It should be appreciated that various embodiments of the present disclosure and the terms used therein are not intended to limit the technological features set forth herein to particular embodiments and include various changes, equivalents, or replacements for a corresponding embodiment. With regard to the description of the drawings, similar reference numerals may be used to refer to similar or related elements. It is to be understood that a singular form of a noun corresponding to an item may include one or more of the things unless the relevant context clearly indicates otherwise. As used herein, each of such phrases as “A or B,” “at least one of A and B,” “at least one of A or B,” “A, B, or C,” “at least one of A, B, and C,” and “at least one of A, B, or C,” may include any one of or all possible combinations of the items enumerated together in a corresponding one of the phrases. As used herein, such terms as “1st” and “2nd,” or “first” and “second” may be used to simply distinguish a corresponding component from another, and does not limit the components in other aspect (e.g., importance or order). It is to be understood that if an element (e.g., a first element) is referred to, with or without the term “operatively” or “communicatively”, as “coupled with,” or “connected with” another element (e.g., a second element), it means that the element may be coupled with the other element directly (e.g., wiredly), wirelessly, or via a third element.

As used in connection with various embodiments of the disclosure, the term “module” may include a unit implemented in hardware, software, or firmware, and may interchangeably be used with other terms, for example, “logic,” “logic block,” “part,” or “circuitry”. A module may be a single integral component, or a minimum unit or part thereof, adapted to perform one or more functions. For example, according to an embodiment, the module may be implemented in a form of an application-specific integrated circuit (ASIC).

Various embodiments as set forth herein may be implemented as software (e.g., the program 140) including one or more instructions that are stored in a storage medium (e.g., internal memory 136 or external memory 138) that is readable by a machine (e.g., the electronic device 101). For example, a processor (e.g., the processor 120) of the machine (e.g., the electronic device 101) may invoke at least one of the one or more instructions stored in the storage medium, and execute it, with or without using one or more other components under the control of the processor. This allows the machine to be operated to perform at least one function according to the at least one instruction invoked. The one or more instructions may include a code generated by a complier or a code executable by an interpreter. The machine-readable storage medium may be provided in the form of a non-transitory storage medium. Wherein, the term “non-transitory” simply means that the storage medium is a tangible device, and does not include a signal (e.g., an electromagnetic wave), but this term does not differentiate between a case in which data is semi-permanently stored in the storage medium and a case in which the data is temporarily stored in the storage medium.

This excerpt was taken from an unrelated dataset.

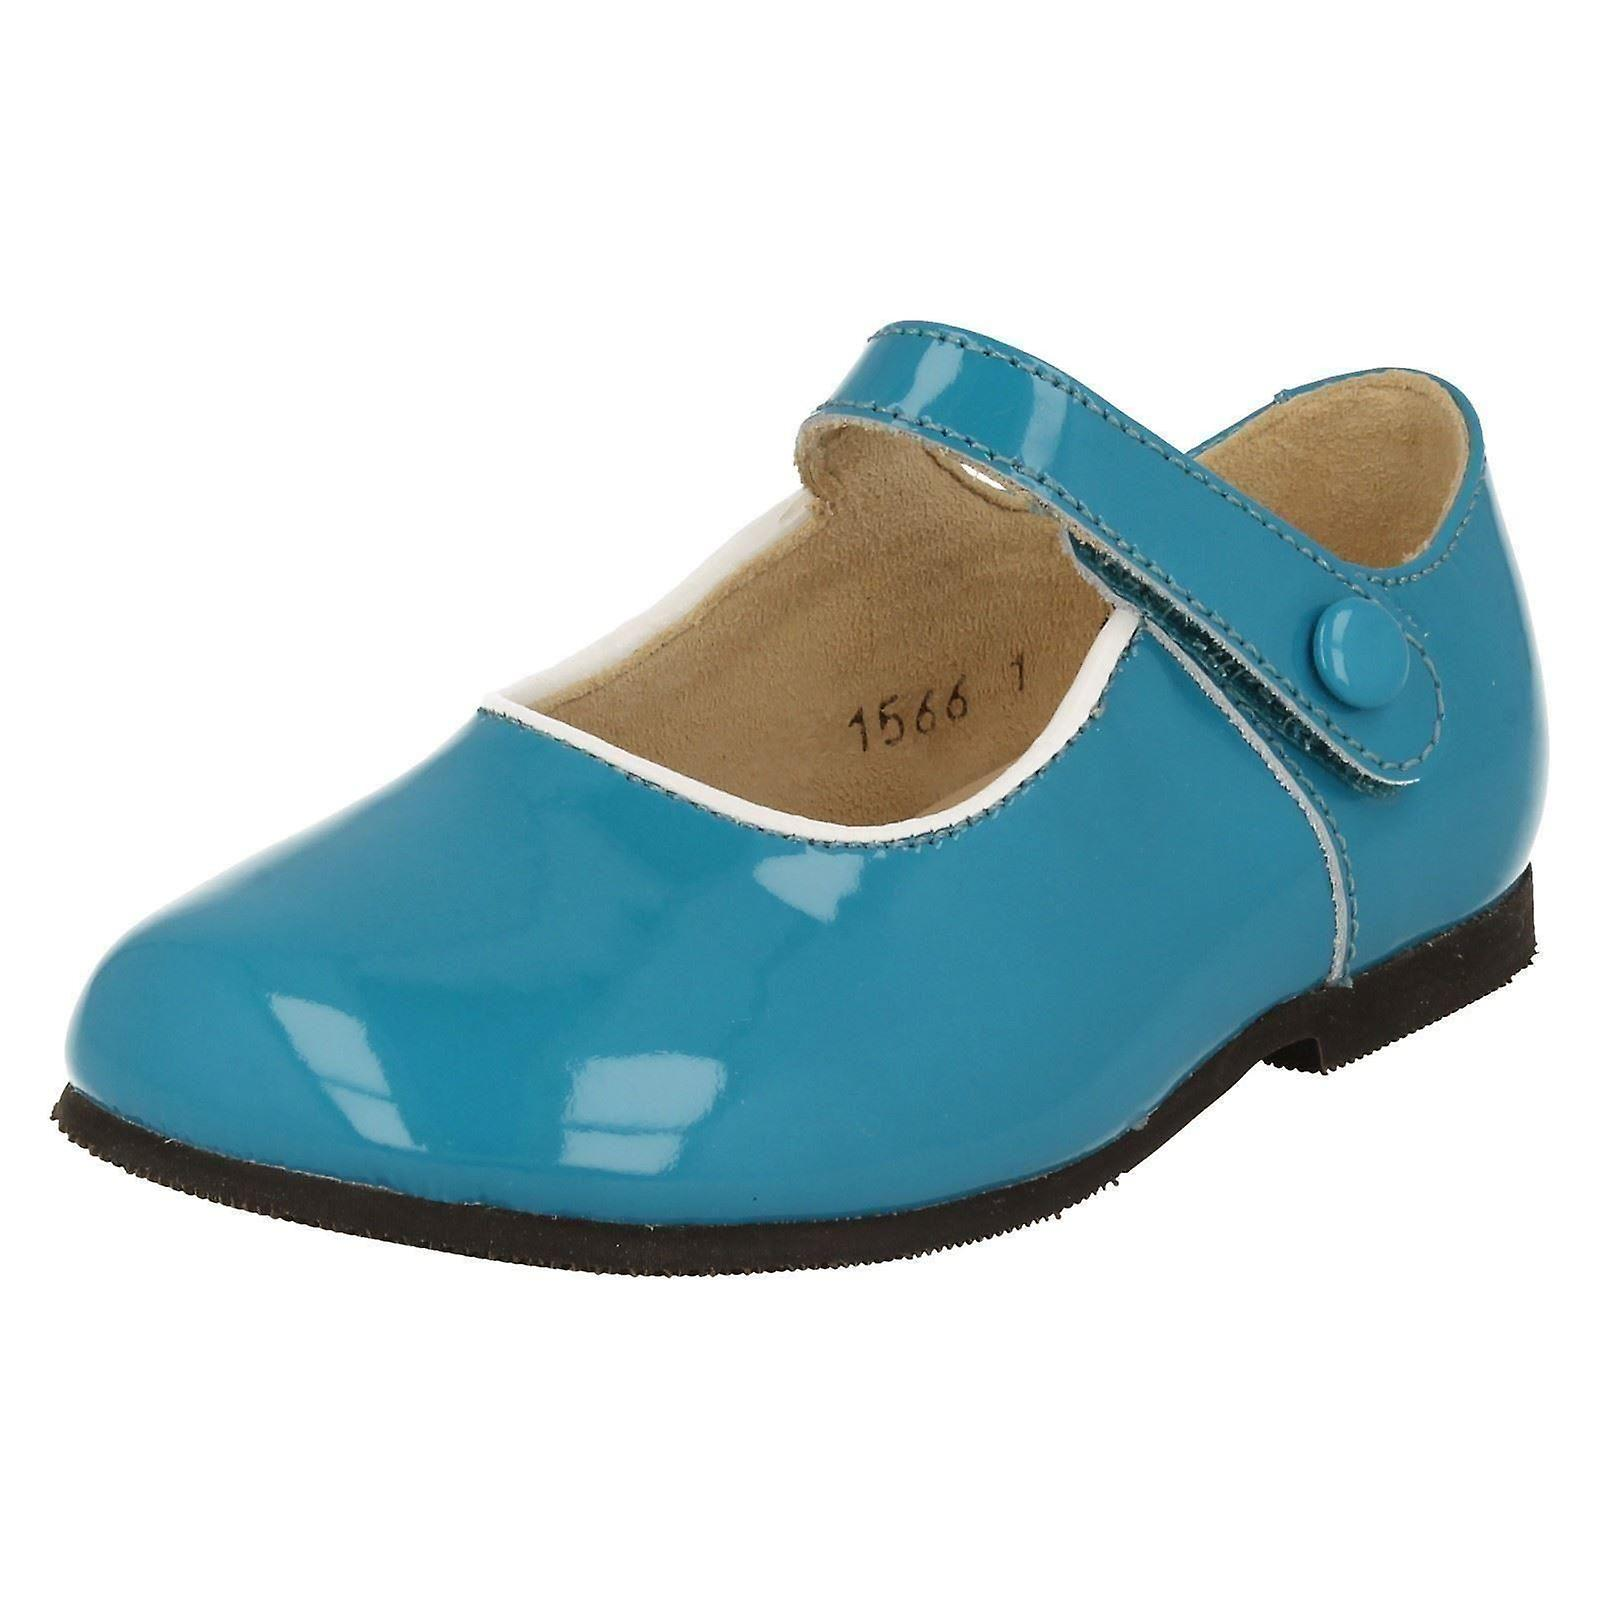 Infant Startrite Mary Jane flache Schuhe Caty V

According to an embodiment, a method according to various embodiments of the disclosure may be included and provided in a computer program product. The computer program product may be traded as a product between a seller and a buyer. The computer program product may be distributed in the form of a machine-readable storage medium (e.g., compact disc read only memory (CD-ROM)), or be distributed (e.g., downloaded or uploaded) online via an application store (e.g., PlayStore™), or between two user devices (e.g., smart phones) directly. If distributed online, at least part of the computer program product may be temporarily generated or at least temporarily stored in the machine-readable storage medium, such as memory of the manufacturer's server, a server of the application store, or a relay server.

According to various embodiments, each component (e.g., a module or a program) of the above-described components may include a single entity or multiple entities, and some of the multiple entities may be separately disposed in different components. According to various embodiments, one or more of the above-described components may be omitted, or one or more other components may be added. Alternatively or additionally, a plurality of components (e.g., modules or programs) may be integrated into a single component. In such a case, according to various embodiments, the integrated component may still perform one or more functions of each of the plurality of components in the same or similar manner as they are performed by a corresponding one of the plurality of components before the integration. According to various embodiments, operations performed by the module, the program, or another component may be carried out sequentially, in parallel, repeatedly, or heuristically, or one or more of the operations may be executed in a different order or omitted, or one or more other operations may be added.

No claim element is to be construed under the provisions of 35 U.S.C. § 112, sixth paragraph, unless the element is expressly recited using the phrase “means for” or “means.”